On October 27, 2021, Town of Madison Police Department officers responded to a reported stolen vehicle parked in Madison. Miller was identified as the driver of the stolen vehicle. When an officer attempted to make contact with Miller, he fled. When officers caught up with Miller, they saw a gun magazine in the backpack he had been carrying. Officers then searched Miller’s backpack and recovered a loaded Glock 26 9mm handgun with a machinegun conversion device. A machinegun conversion device is an illegal, after-market device that converts a semi-automatic handgun into a fully functioning machinegun. In the backpack, officers also located 48 grams of cocaine and 10 grams of heroin.
“Machinegun conversion devices are extraordinarily dangerous,” said U.S. Attorney Timothy M. O’Shea. “These devices are often used in weapons that are not designed to function as machine guns, thus making the weapons incredibly difficult to aim.

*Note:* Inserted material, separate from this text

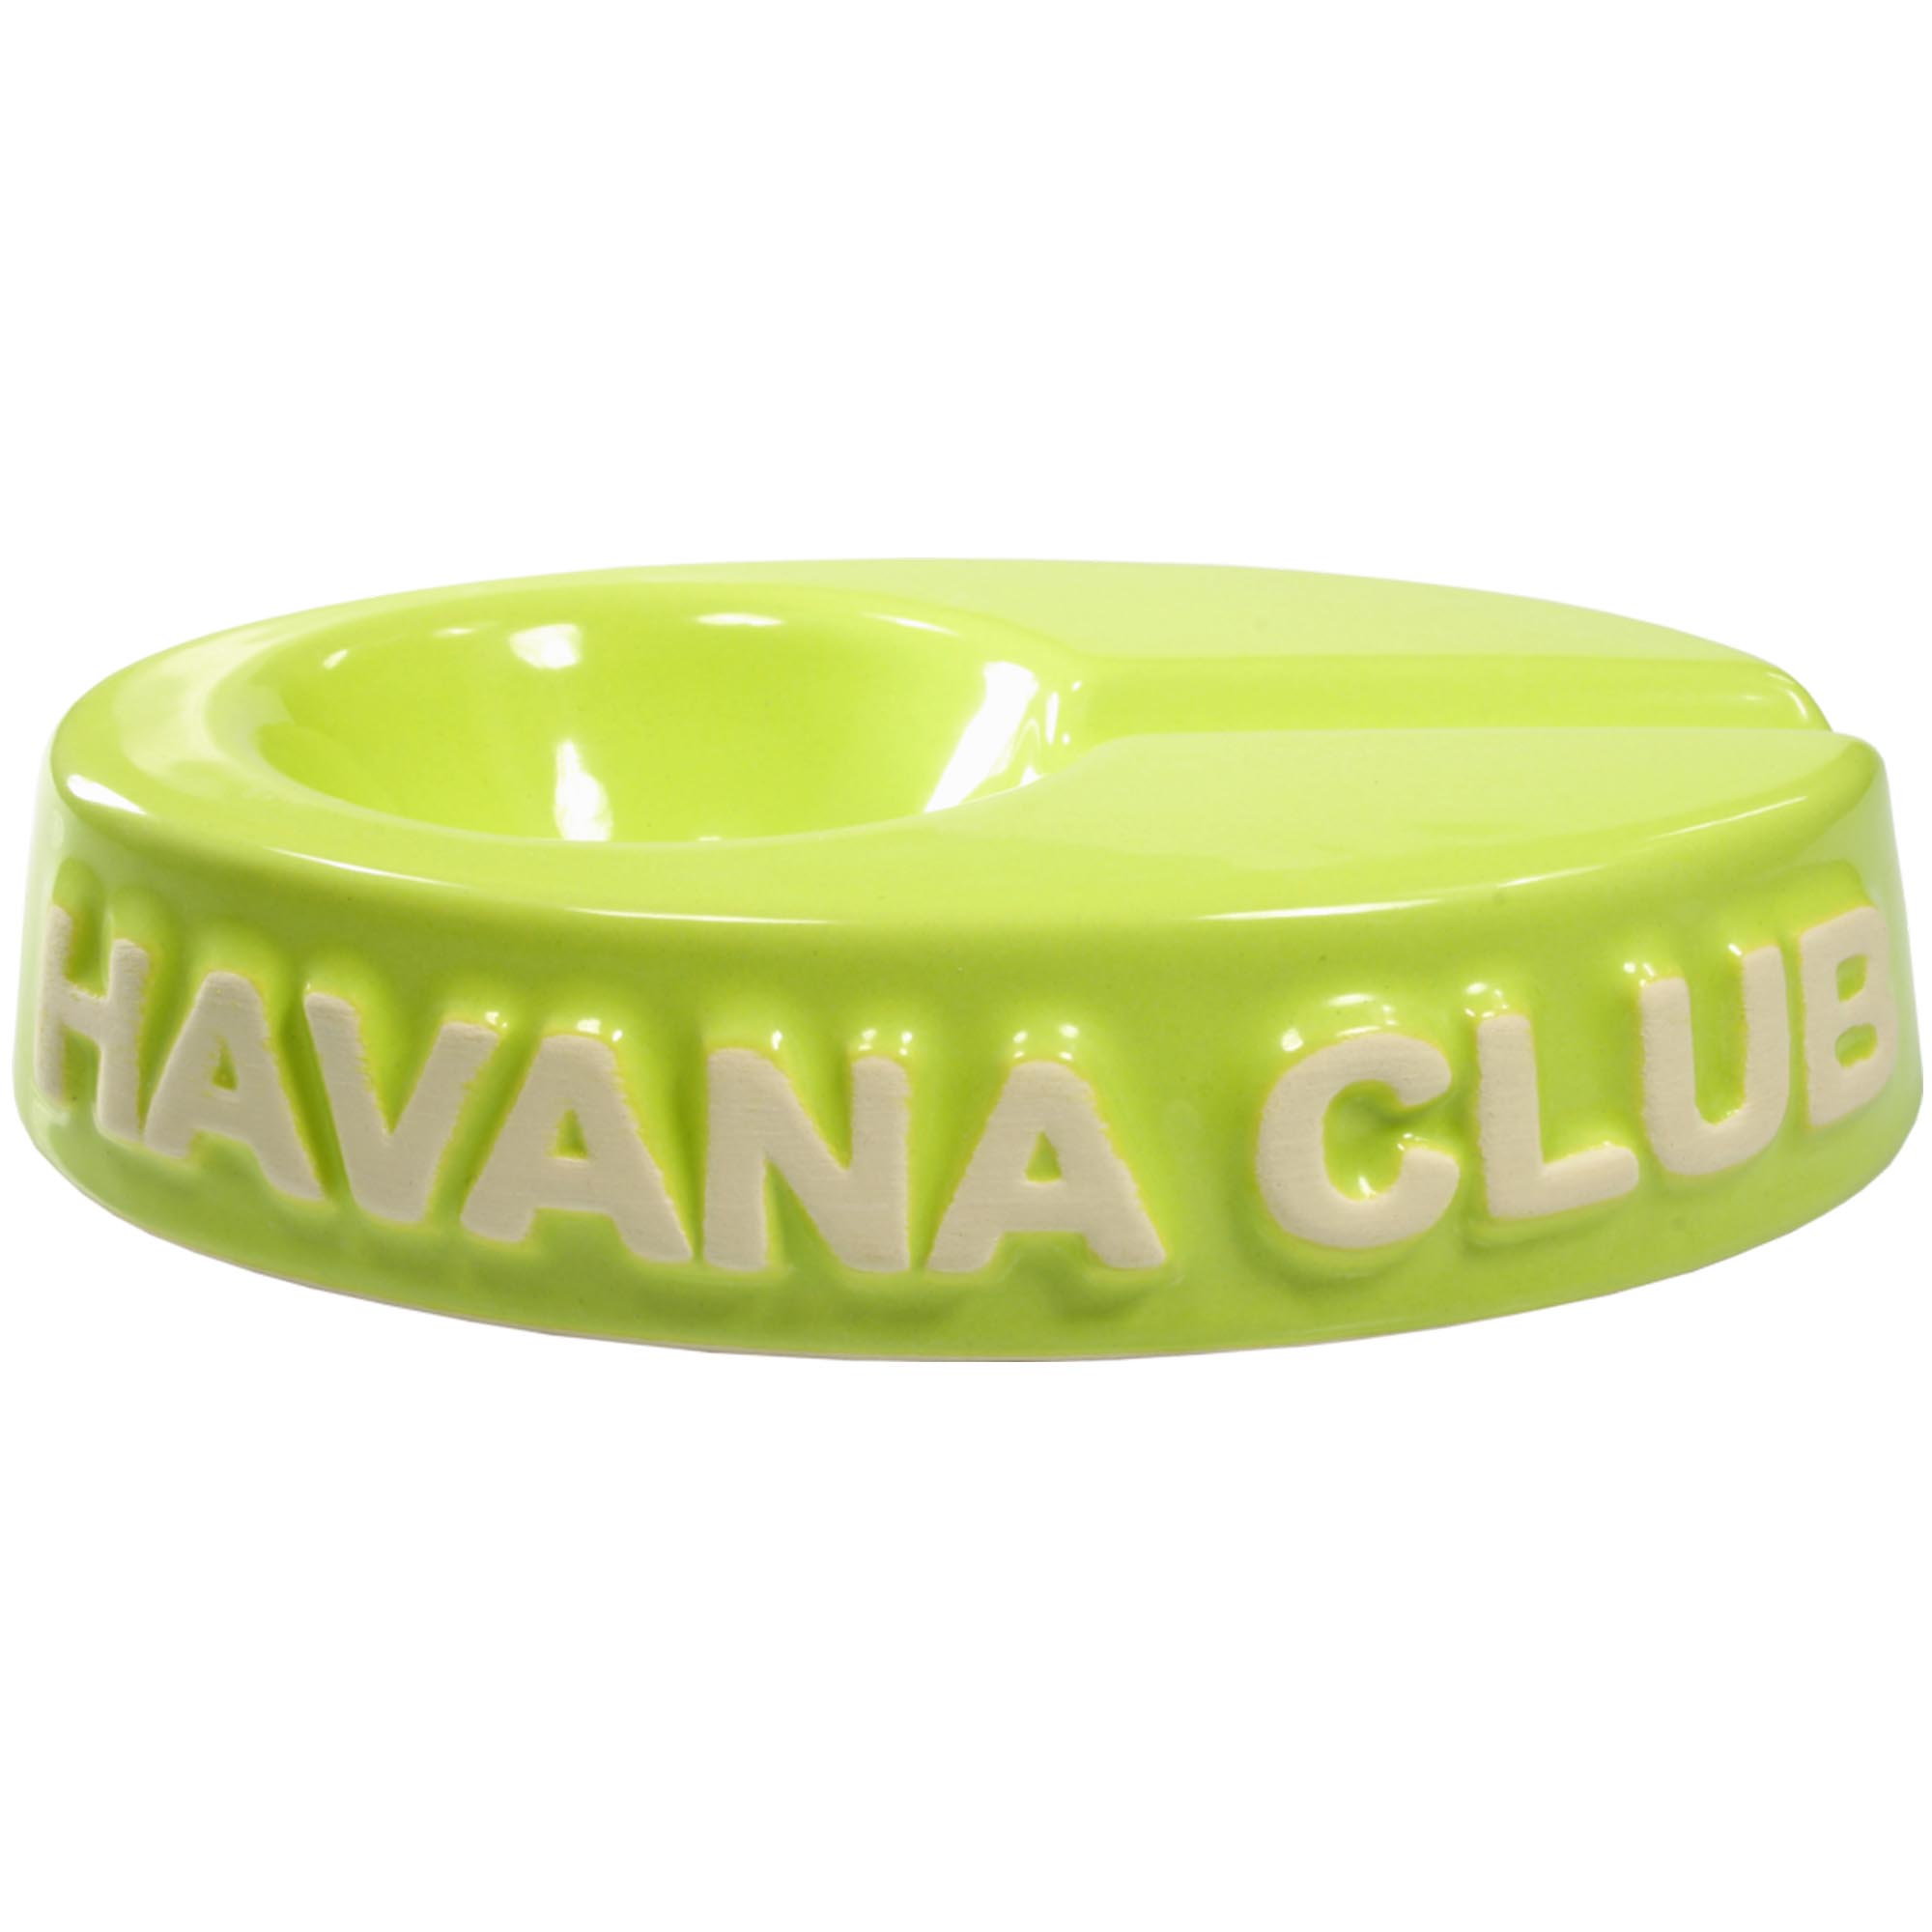 Club Havana Chico Hellgrün Ascher

Discharging a weapon equipped with such a device in a public area endangers every child and adult within range. Keeping these illegal devices off the streets in Wisconsin and keeping our citizens free of fear from these weapons is one of my highest priorities,” said O’Shea.
At sentencing, Judge Conley said that he found it very troubling that Miller was going around with a machinegun that was connected to drug trafficking.
The charge against Miller was the result of an investigation conducted by the Town of Madison Police Department and the ATF Madison Crime Gun Task Force consisting of federal agents from ATF and Task Force Officers (TFOs) from local agencies including the Dane County and Clark County Sheriff’s Offices and the Fitchburg, Madison, Sun Prairie, and La Crosse Police Departments. Assistant U.S. Attorneys Steven P. Anderson and William M. Levins prosecuted this case.
This case has been brought as part of Project Safe Neighborhoods (PSN), the U.S. Justice Department’s program to reduce violent crime. The PSN approach emphasizes coordination between state and federal prosecutors and all levels of law enforcement to address gun crime, especially felons illegally possessing firearms and ammunition and violent and drug crimes that involve the use of firearms.